* [WHAT THE TASK REQUIRES] Write out the lines below once more, exactly as they appear. Do not include pictures.

* [MATERIAL PROVIDED]
┌──
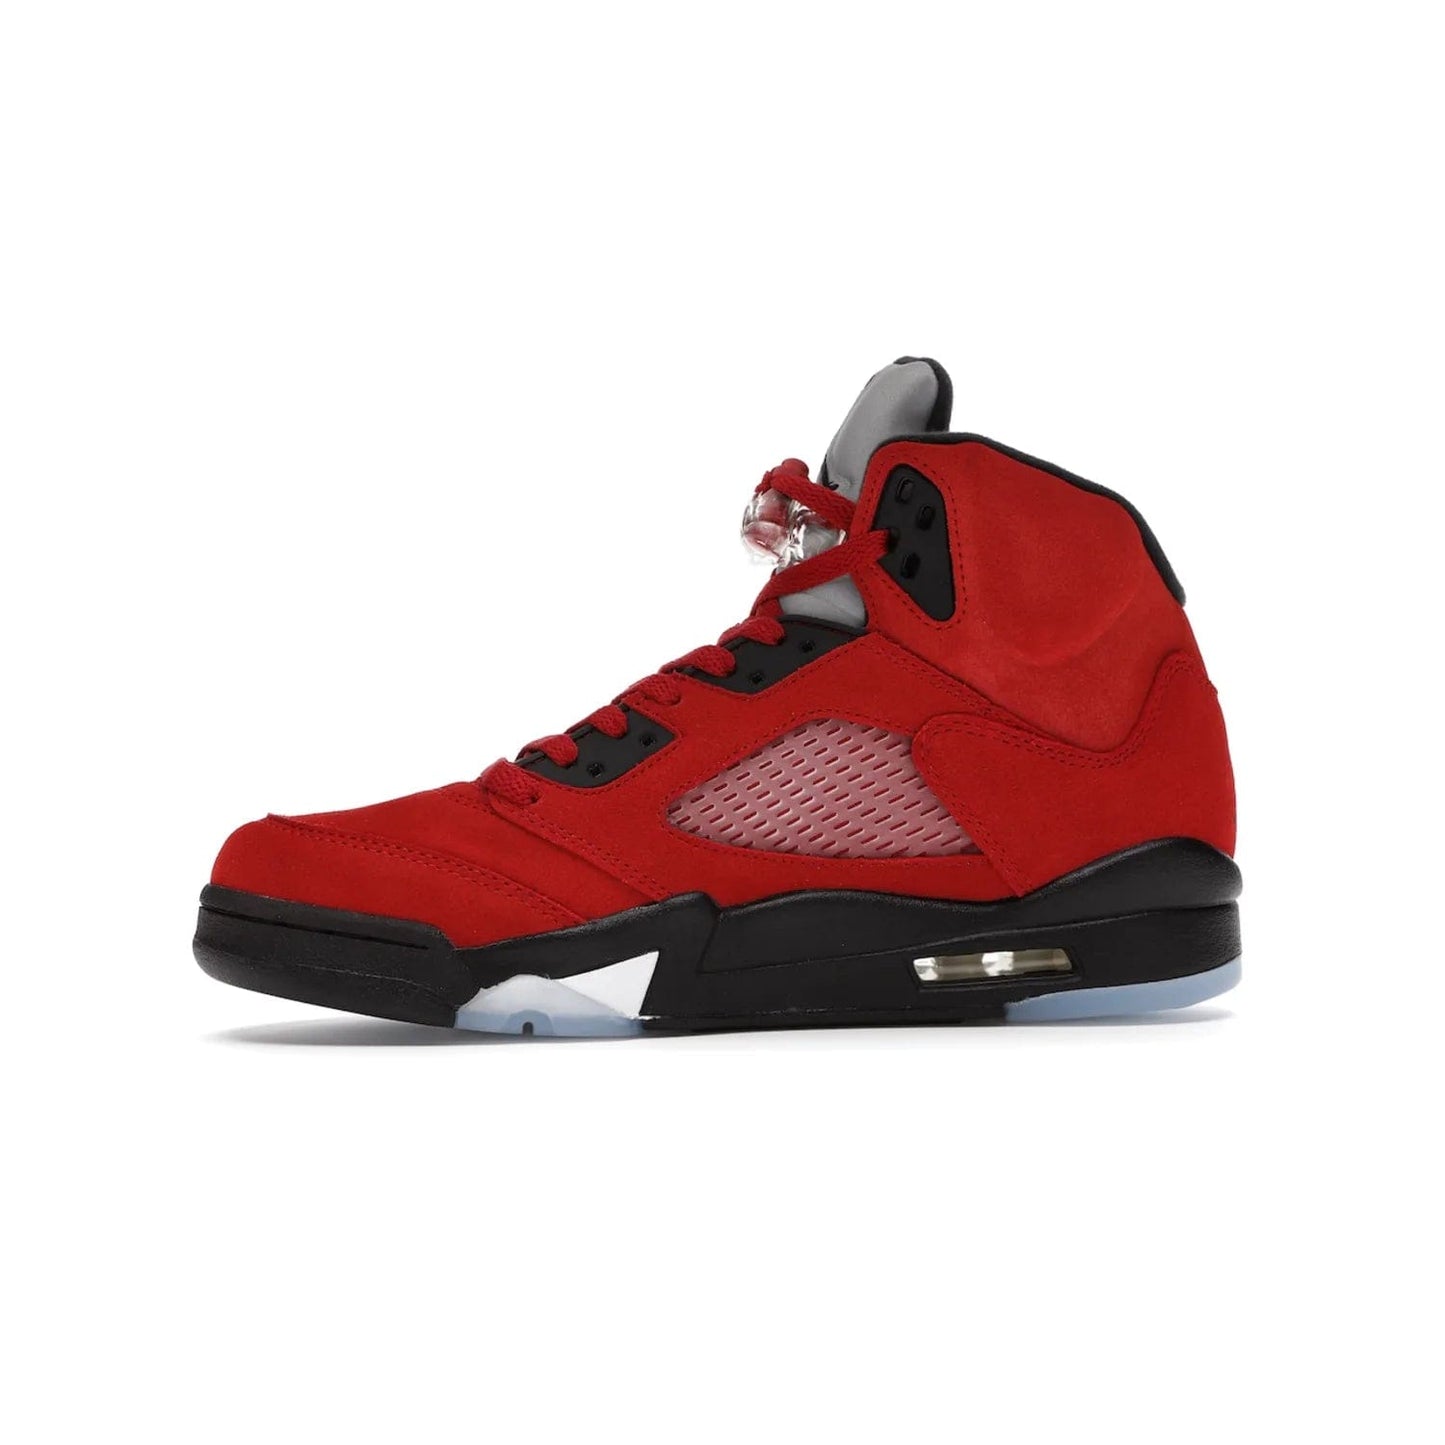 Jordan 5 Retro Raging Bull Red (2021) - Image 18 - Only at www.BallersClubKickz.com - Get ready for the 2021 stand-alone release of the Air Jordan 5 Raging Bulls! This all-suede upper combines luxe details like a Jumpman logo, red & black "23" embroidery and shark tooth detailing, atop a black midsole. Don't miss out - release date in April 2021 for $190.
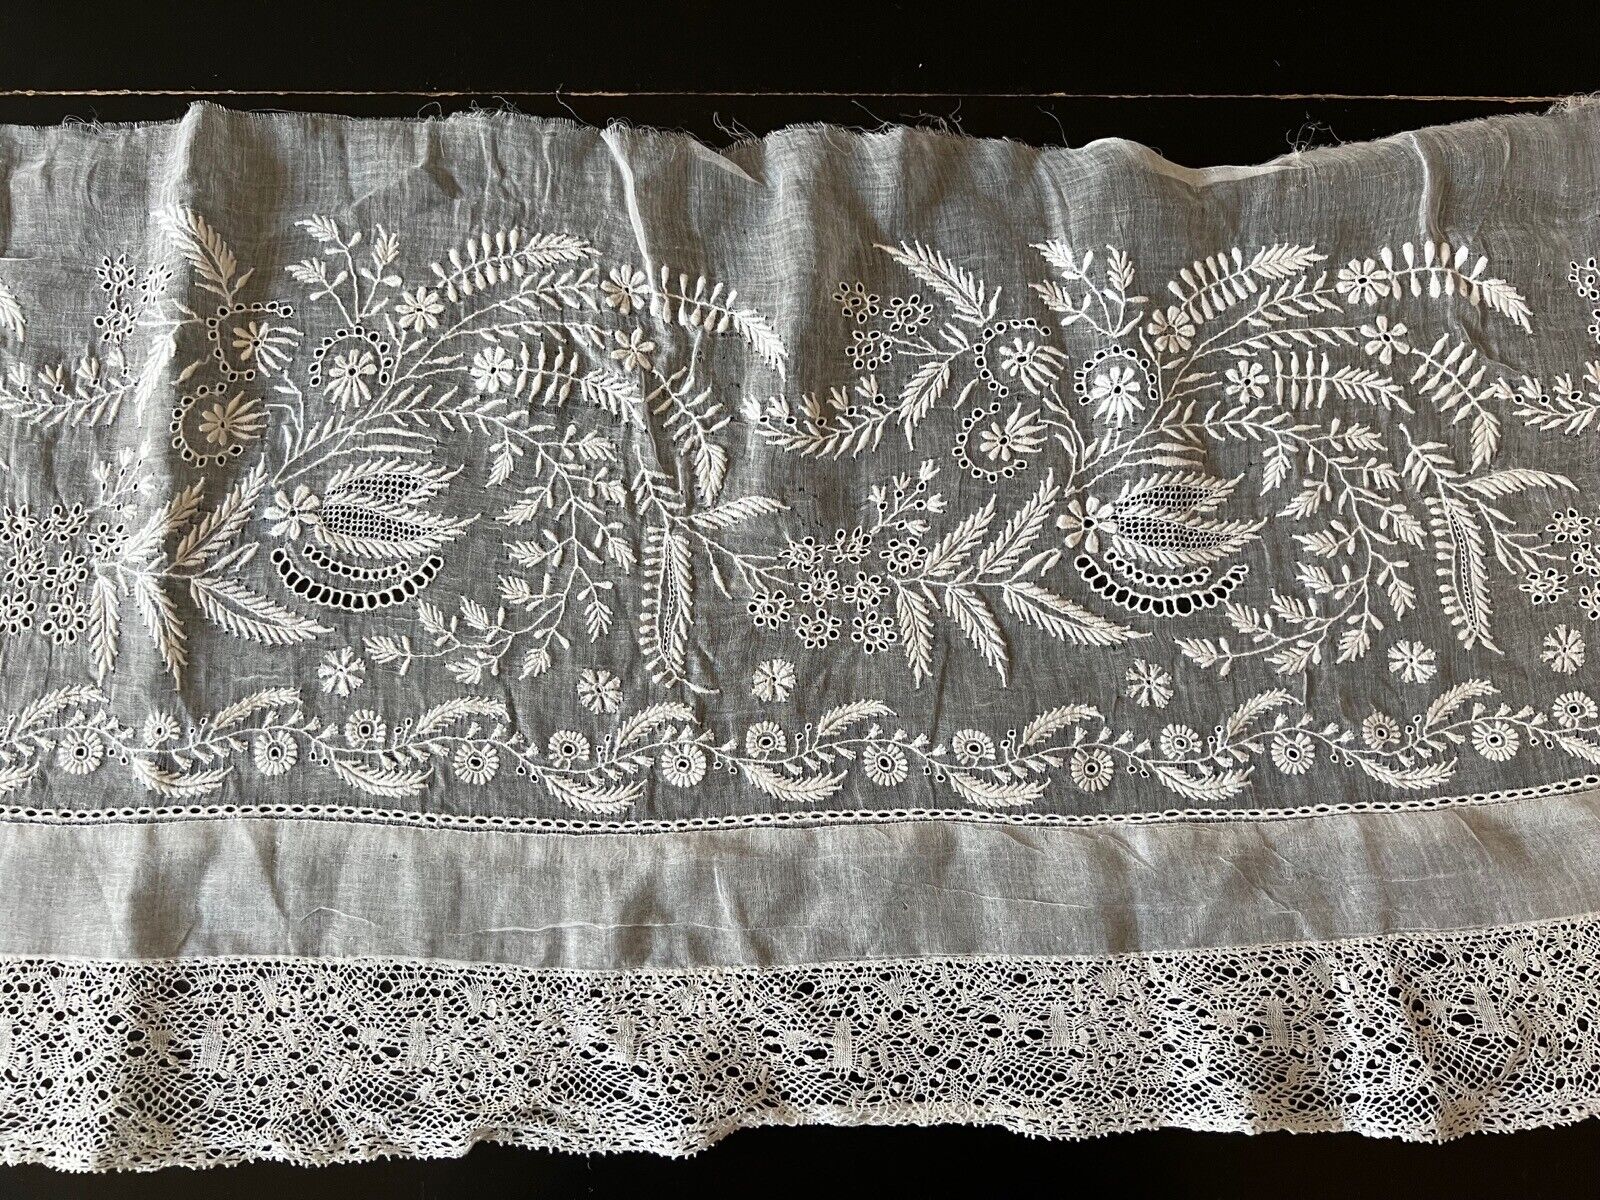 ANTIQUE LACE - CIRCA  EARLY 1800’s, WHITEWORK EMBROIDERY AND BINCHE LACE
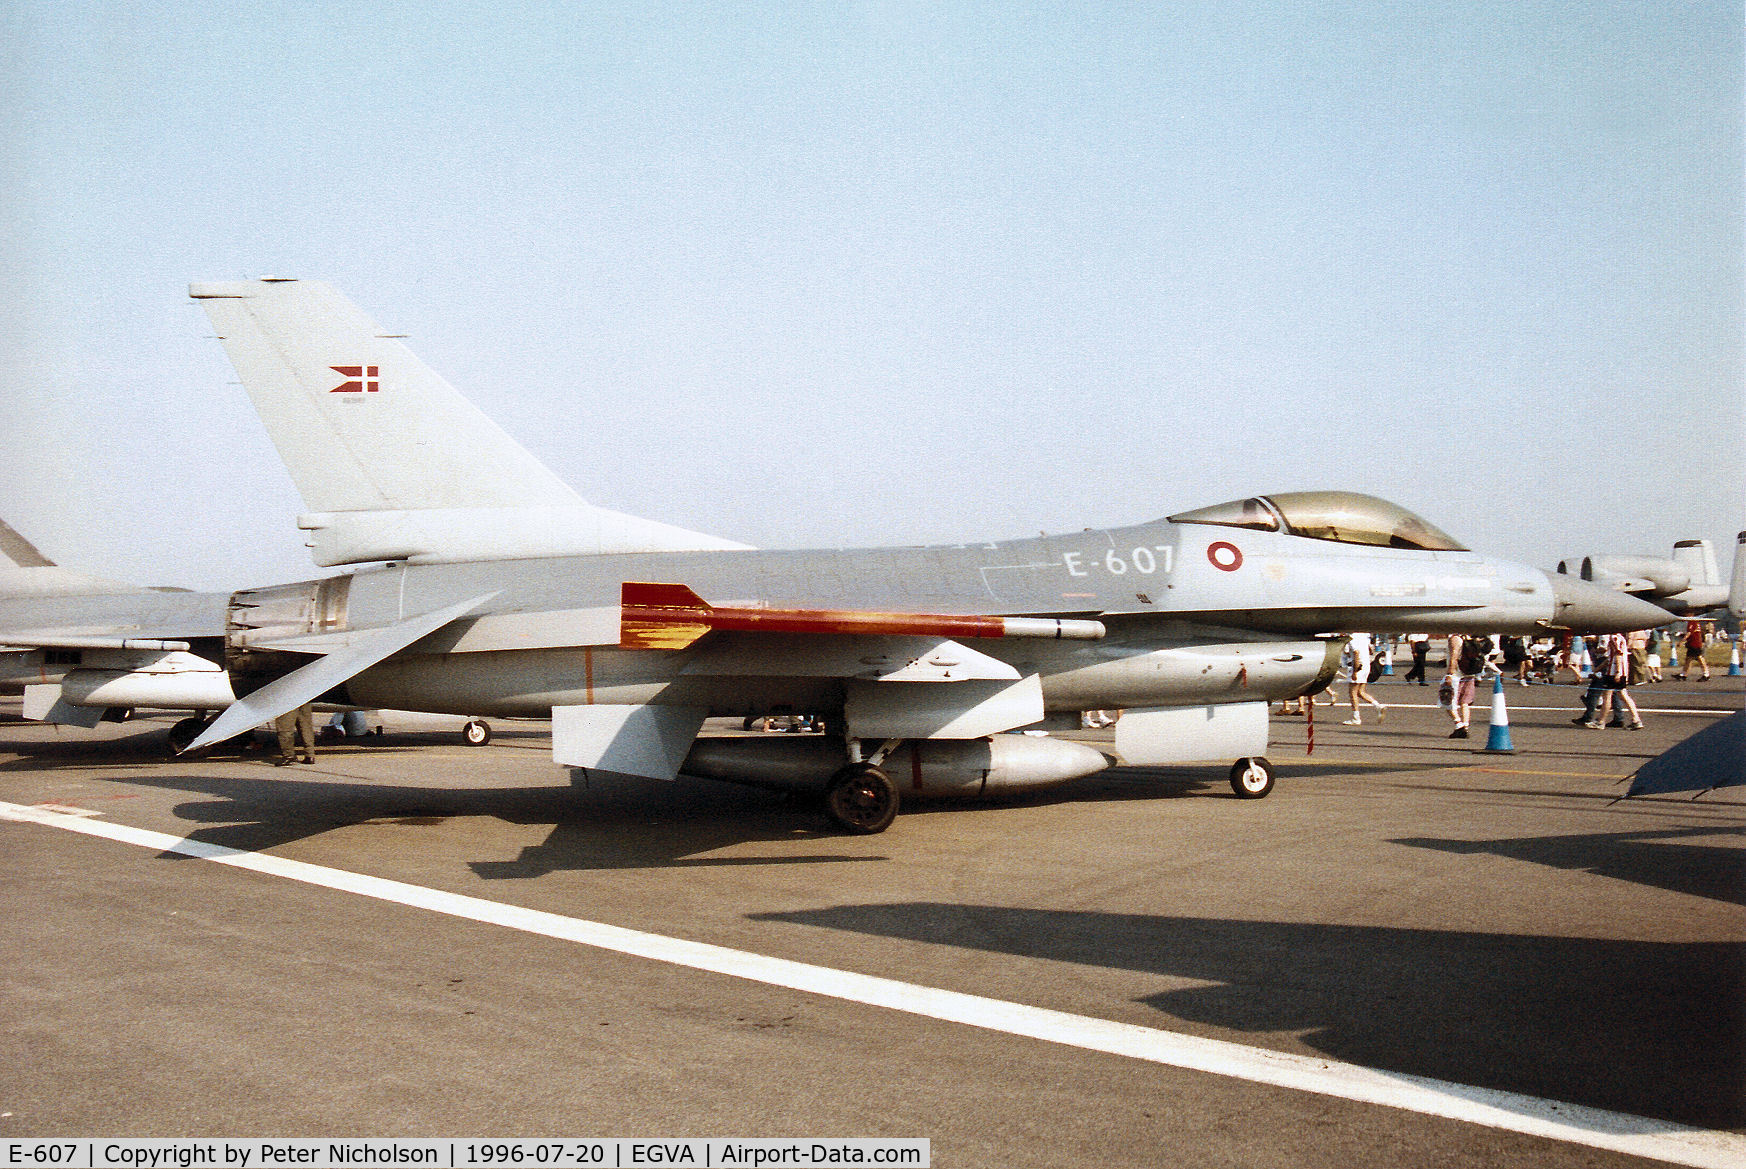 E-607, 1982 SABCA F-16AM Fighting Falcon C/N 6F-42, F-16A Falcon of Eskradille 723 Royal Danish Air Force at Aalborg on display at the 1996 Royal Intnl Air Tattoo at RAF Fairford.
└──
* [TASK RESPONSE]
 Jordan 5 Retro Raging Bull Red (2021) - Image 18 - Only at www.BallersClubKickz.com - Get ready for the 2021 stand-alone release of the Air Jordan 5 Raging Bulls! This all-suede upper combines luxe details like a Jumpman logo, red & black "23" embroidery and shark tooth detailing, atop a black midsole. Don't miss out - release date in April 2021 for $190.
 ANTIQUE LACE - CIRCA  EARLY 1800’s, WHITEWORK EMBROIDERY AND BINCHE LACE
 E-607, 1982 SABCA F-16AM Fighting Falcon C/N 6F-42, F-16A Falcon of Eskradille 723 Royal Danish Air Force at Aalborg on display at the 1996 Royal Intnl Air Tattoo at RAF Fairford.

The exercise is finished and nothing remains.